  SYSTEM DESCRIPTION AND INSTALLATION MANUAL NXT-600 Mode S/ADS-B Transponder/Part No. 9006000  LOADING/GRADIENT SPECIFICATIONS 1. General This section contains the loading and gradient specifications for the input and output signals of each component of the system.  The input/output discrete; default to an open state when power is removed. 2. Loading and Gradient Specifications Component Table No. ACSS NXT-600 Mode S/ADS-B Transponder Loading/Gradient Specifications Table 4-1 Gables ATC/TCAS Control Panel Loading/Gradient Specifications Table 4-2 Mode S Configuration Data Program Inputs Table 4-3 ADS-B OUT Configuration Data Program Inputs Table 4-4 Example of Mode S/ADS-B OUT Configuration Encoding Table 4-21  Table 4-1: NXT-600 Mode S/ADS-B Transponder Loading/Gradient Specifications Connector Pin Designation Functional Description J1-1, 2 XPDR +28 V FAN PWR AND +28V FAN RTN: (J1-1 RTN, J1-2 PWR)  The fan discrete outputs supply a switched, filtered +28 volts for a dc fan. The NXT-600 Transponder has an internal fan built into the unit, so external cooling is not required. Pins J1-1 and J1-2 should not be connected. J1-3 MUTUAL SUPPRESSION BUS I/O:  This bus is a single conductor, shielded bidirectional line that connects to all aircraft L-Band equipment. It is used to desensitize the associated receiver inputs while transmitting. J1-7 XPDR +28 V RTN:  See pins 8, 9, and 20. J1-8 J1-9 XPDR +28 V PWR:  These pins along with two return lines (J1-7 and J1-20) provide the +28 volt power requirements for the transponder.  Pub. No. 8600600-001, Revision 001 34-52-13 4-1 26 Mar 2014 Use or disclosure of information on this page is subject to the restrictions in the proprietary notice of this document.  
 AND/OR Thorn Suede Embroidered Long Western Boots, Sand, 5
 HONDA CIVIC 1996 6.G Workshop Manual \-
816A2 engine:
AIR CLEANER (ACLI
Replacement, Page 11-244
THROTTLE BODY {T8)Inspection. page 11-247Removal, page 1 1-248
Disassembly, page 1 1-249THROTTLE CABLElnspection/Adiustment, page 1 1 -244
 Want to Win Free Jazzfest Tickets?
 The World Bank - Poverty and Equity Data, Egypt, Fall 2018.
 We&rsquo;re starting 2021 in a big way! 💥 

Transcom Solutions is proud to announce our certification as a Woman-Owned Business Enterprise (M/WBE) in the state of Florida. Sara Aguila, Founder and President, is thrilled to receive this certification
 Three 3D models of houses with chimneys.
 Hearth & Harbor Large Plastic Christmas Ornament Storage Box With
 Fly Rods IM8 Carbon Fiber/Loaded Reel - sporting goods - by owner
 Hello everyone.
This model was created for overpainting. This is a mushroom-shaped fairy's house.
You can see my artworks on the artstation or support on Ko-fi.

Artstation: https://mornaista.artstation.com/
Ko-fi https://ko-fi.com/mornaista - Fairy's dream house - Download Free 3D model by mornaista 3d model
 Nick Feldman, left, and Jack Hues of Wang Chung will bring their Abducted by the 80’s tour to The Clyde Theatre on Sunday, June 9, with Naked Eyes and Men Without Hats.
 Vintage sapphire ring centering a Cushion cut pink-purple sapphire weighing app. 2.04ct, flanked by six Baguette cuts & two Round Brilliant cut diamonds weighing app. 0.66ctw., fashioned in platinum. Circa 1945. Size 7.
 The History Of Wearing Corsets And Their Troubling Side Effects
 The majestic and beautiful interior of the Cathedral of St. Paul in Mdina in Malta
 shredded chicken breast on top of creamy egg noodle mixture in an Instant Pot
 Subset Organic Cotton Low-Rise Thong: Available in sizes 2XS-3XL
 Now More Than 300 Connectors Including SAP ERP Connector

> _Exercise prompt_
Could you restate every entry above word for word?

> _Answer for the task_
  SYSTEM DESCRIPTION AND INSTALLATION MANUAL NXT-600 Mode S/ADS-B Transponder/Part No. 9006000  LOADING/GRADIENT SPECIFICATIONS 1. General This section contains the loading and gradient specifications for the input and output signals of each component of the system.  The input/output discrete; default to an open state when power is removed. 2. Loading and Gradient Specifications Component Table No. ACSS NXT-600 Mode S/ADS-B Transponder Loading/Gradient Specifications Table 4-1 Gables ATC/TCAS Control Panel Loading/Gradient Specifications Table 4-2 Mode S Configuration Data Program Inputs Table 4-3 ADS-B OUT Configuration Data Program Inputs Table 4-4 Example of Mode S/ADS-B OUT Configuration Encoding Table 4-21  Table 4-1: NXT-600 Mode S/ADS-B Transponder Loading/Gradient Specifications Connector Pin Designation Functional Description J1-1, 2 XPDR +28 V FAN PWR AND +28V FAN RTN: (J1-1 RTN, J1-2 PWR)  The fan discrete outputs supply a switched, filtered +28 volts for a dc fan. The NXT-600 Transponder has an internal fan built into the unit, so external cooling is not required. Pins J1-1 and J1-2 should not be connected. J1-3 MUTUAL SUPPRESSION BUS I/O:  This bus is a single conductor, shielded bidirectional line that connects to all aircraft L-Band equipment. It is used to desensitize the associated receiver inputs while transmitting. J1-7 XPDR +28 V RTN:  See pins 8, 9, and 20. J1-8 J1-9 XPDR +28 V PWR:  These pins along with two return lines (J1-7 and J1-20) provide the +28 volt power requirements for the transponder.  Pub. No. 8600600-001, Revision 001 34-52-13 4-1 26 Mar 2014 Use or disclosure of information on this page is subject to the restrictions in the proprietary notice of this document.  
 AND/OR Thorn Suede Embroidered Long Western Boots, Sand, 5
 HONDA CIVIC 1996 6.G Workshop Manual \-
816A2 engine:
AIR CLEANER (ACLI
Replacement, Page 11-244
THROTTLE BODY {T8)Inspection. page 11-247Removal, page 1 1-248
Disassembly, page 1 1-249THROTTLE CABLElnspection/Adiustment, page 1 1 -244
 Want to Win Free Jazzfest Tickets?
 The World Bank - Poverty and Equity Data, Egypt, Fall 2018.
 We&rsquo;re starting 2021 in a big way! 💥 

Transcom Solutions is proud to announce our certification as a Woman-Owned Business Enterprise (M/WBE) in the state of Florida. Sara Aguila, Founder and President, is thrilled to receive this certification
 Three 3D models of houses with chimneys.
 Hearth & Harbor Large Plastic Christmas Ornament Storage Box With
 Fly Rods IM8 Carbon Fiber/Loaded Reel - sporting goods - by owner
 Hello everyone.
This model was created for overpainting. This is a mushroom-shaped fairy's house.
You can see my artworks on the artstation or support on Ko-fi.

Artstation: https://mornaista.artstation.com/
Ko-fi https://ko-fi.com/mornaista - Fairy's dream house - Download Free 3D model by mornaista 3d model
 Nick Feldman, left, and Jack Hues of Wang Chung will bring their Abducted by the 80’s tour to The Clyde Theatre on Sunday, June 9, with Naked Eyes and Men Without Hats.
 Vintage sapphire ring centering a Cushion cut pink-purple sapphire weighing app. 2.04ct, flanked by six Baguette cuts & two Round Brilliant cut diamonds weighing app. 0.66ctw., fashioned in platinum. Circa 1945. Size 7.
 The History Of Wearing Corsets And Their Troubling Side Effects
 The majestic and beautiful interior of the Cathedral of St. Paul in Mdina in Malta
 shredded chicken breast on top of creamy egg noodle mixture in an Instant Pot
 Subset Organic Cotton Low-Rise Thong: Available in sizes 2XS-3XL
 Now More Than 300 Connectors Including SAP ERP Connector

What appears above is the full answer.